For people who are recovering from substance addiction, a peaceful and calm home environment is important. But oftentimes, family relationships are where stressors and triggers tend to arrive. Many relationship tensions and conflicts are due to a lack of healthy boundaries between family members.
Boundaries Create Healthy Relationships and Less Stress
Family is a nurturing space for marital and parent-child relationships to flourish. Healthy boundaries are what prepare the soil for these important relationships. Take children, for example. If they grow up with either overly-authoritarian parents or permissive parents, children are more likely to develop mental health issues and even substance use problems. This is because toxic or enabling parenting has distorted the good boundaries of responsibility for these children.
Boundaries are tacit norms within a family about how members relate and behave to each other.
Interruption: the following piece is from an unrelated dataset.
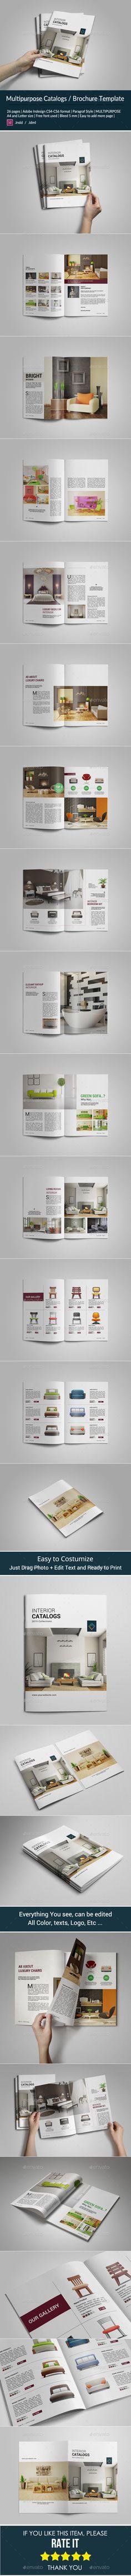 Multipurpose Catalogs / Brochure Template. Download: http://graphicriver.net/item/multipurpose-catalogs-brochure/9727534?ref=ksioks
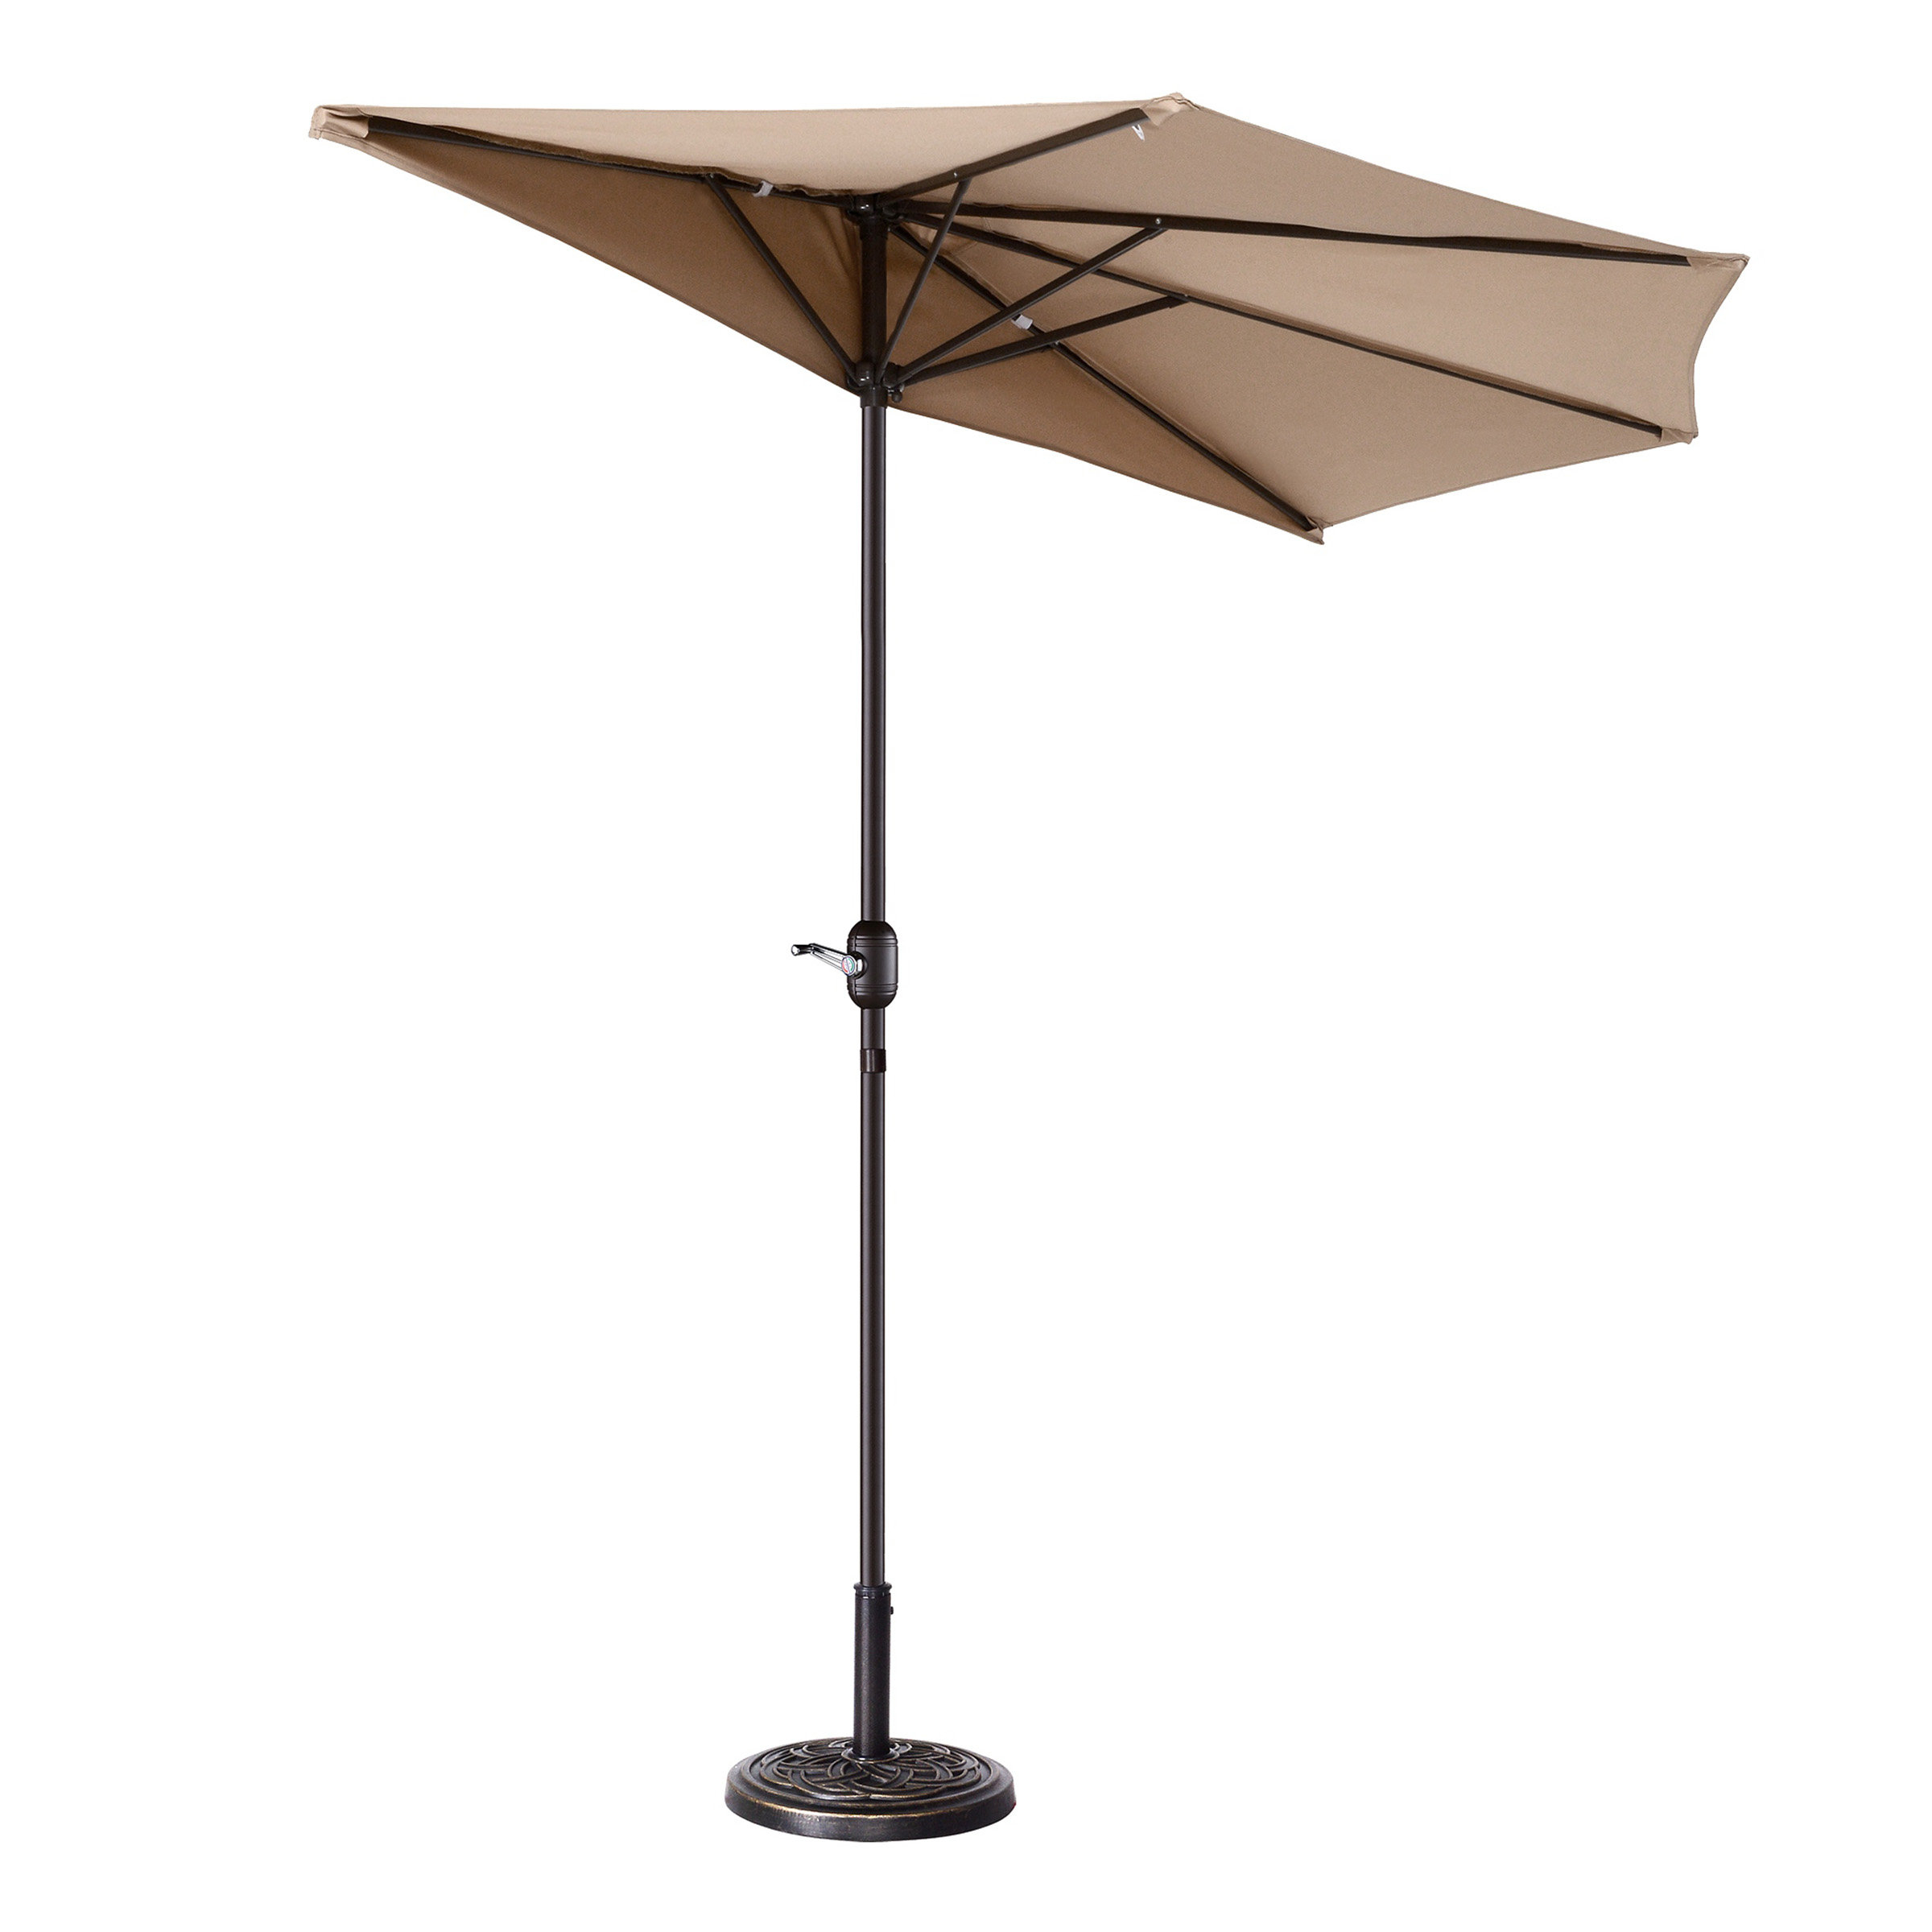 Popular Colburn Half 9' Market Umbrella Throughout Alder Half Round Outdoor Patio Market Umbrellas (View 5 of 20)

Lack of healthy boundaries can lead to emotional and physical abuse, neglect, hostility, or betrayal. Unfortunately, for these reasons, the family often becomes the primary factory of traumatic stress, especially for children and young people. At the same time, families with healthy boundaries can create a net of safety and be an example of boundaries that keep children safe.
Honesty and Respect Are First Principles for Healthy Boundaries
Family relationships are close and intimate. They need to be guided by open and honest communication that respects individuality and personal wellbeing. Without honesty and respect, the boundaries can be redrawn and conflicts often follow. If family members cannot be honest and respectful with one another, it is easy to imagine that the home environment can be filled with tension and conflicts.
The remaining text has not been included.